Stratifying the human genome based on intolerance to variation
To determine biological relevance of gwRVIS we first sought to confirm the ability of gwRVIS to differentiate between different classes of protein-coding consensus coding sequence (CCDS) windows based on their disease relevance. We looked at the gwRVIS distributions across four sets of CCDS windows: OMIM-Haploinsufficient, 25% most intolerant (as defined by RVIS), 25% most tolerant (as defined by RVIS), and the remainder of CCDS (Fig. 2c). Despite not incorporating functional protein-coding annotations in constructing gwRVIS, we observe that it still manages to correctly stratify the four CCDS sets based on their expected levels of constraint, grouping them in order of decreasing intolerance to variation as follows: OMIM-Haploinsufficient, 25% most intolerant CCDS, rest of CCDS and 25% most tolerant CCDS (Fig. 2c). Any two adjacent CCDS sets in this ranking have returned genome-wide statistically significant difference (Mann–Whitney U; p < 5 × 10−8), except for the OMIM-Haploinsufficient and 25% most intolerant CCDS sets with a non genome-wide significant divergence (Mann–Whitney U; p = 6.8 × 10−5), which is expected as they both comprise of highly intolerant subsets of the human exome.

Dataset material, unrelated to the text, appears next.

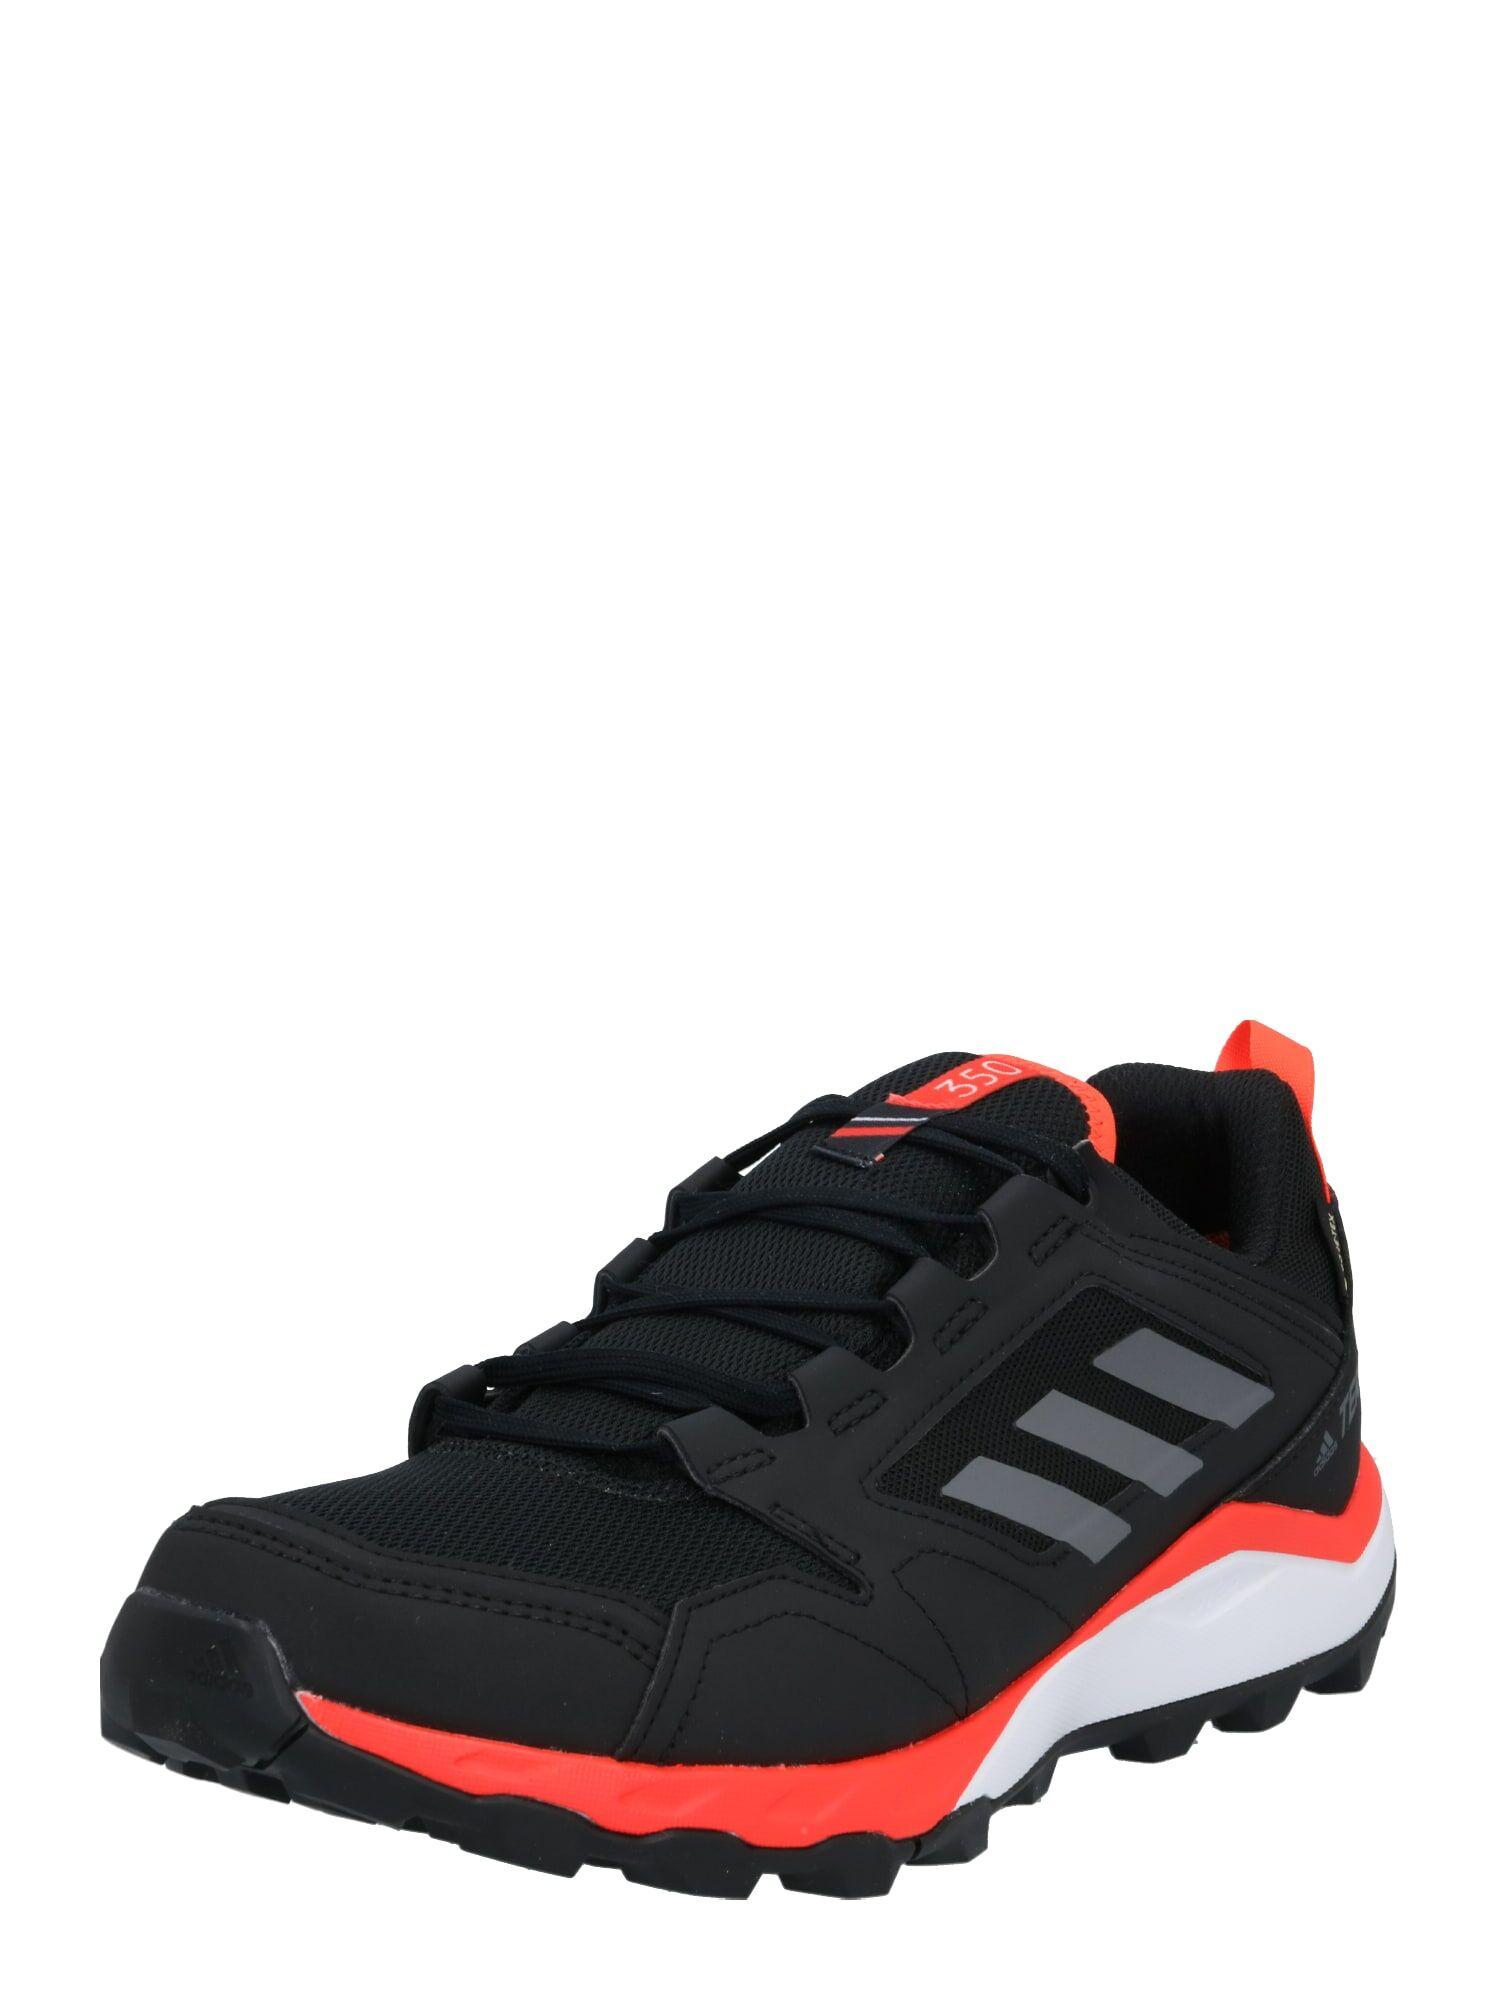 adidas Terrex Chaussure de course  - Noir - Taille: 11 - male

Having shown the ability of gwRVIS to successfully predict human disease based on greater intolerance detected among the protein-coding CCDS windows overlapping human disease genes, we next compared the intolerance of different regulatory genomic classes, as captured by gwRVIS. We studied seven major genomic classes: intergenic regions, lincRNAs, introns, CCDS, UTRs, VISTA enhancers6, and ultraconserved noncoding elements or UCNEs (see “Methods”), listed here in ascending order of inferred intolerance to variation (Fig. 2d). The intergenic gwRVIS score distribution emerges as the most tolerant class with a median gwRVIS = −0.0014. This median gwRVIS closely aligns with the theoretical null distribution defined by gwRVIS = 0, reflecting an equal number of observed and expected common variants. This validates the instinctive use of intergenic gwRVIS distribution as an empirical null distribution throughout the rest of the paper.

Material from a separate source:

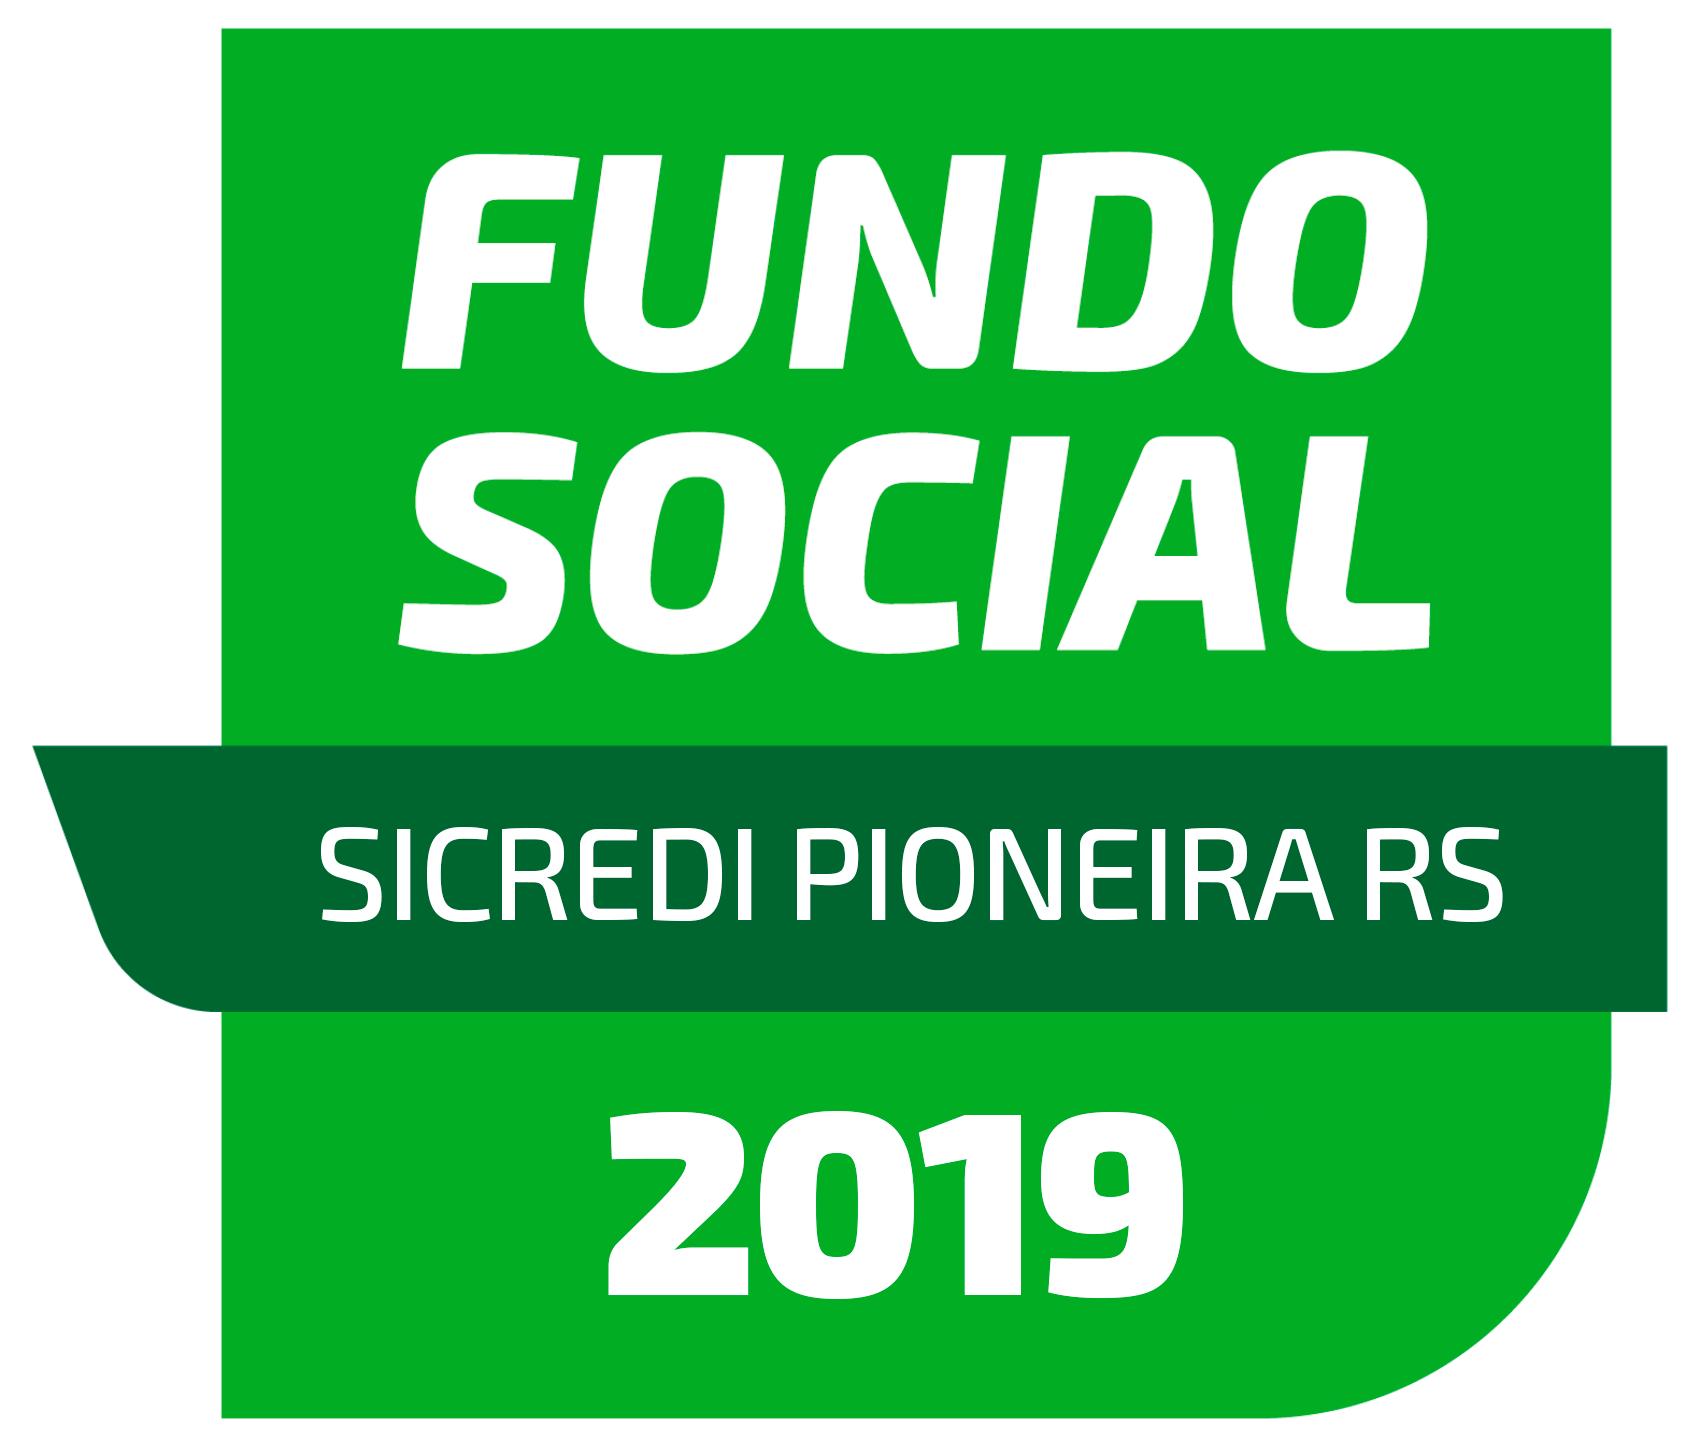 Sicredi - Fundo Social

Surprisingly, the CCDS protein-coding region of the genome was not the most intolerant functional class. We observed that UCNEs17 (highly conserved noncoding regions between human and chicken) are ranked as the most intra-species intolerant class (median gwRVIS: −0.99; Mann–Whitney U vs. intergenic: p < 1 × 10−308), and this is despite gwRVIS not using any information about species conservation in its construction (Fig. 2d). This is consistent with previous observations that UCNEs are depleted of common variants in humans18. VISTA enhancers (a class of highly conserved enhancers active during embryonic development) and CCDS follow with the next highest intolerance to variation profile, very similar to UTRs (median gwRVIS: −0.77, −0.55, and −0.51; Mann–Whitney U vs. intergenic: p < 1 × 10−308 for VISTA enhancers, CCDS and UTRs, respectively). Finally, introns and lincRNAs have a more tolerant gwRVIS score distribution that more closely resembles the distribution from intergenic regions, but due to the sheer size of the corresponding score lists the divergence remains highly significant (median scores: −0.050, −0.0015; Mann–Whitney U vs. intergenic: p < 1 × 10−308 and p = 2.6 × 10−168, respectively).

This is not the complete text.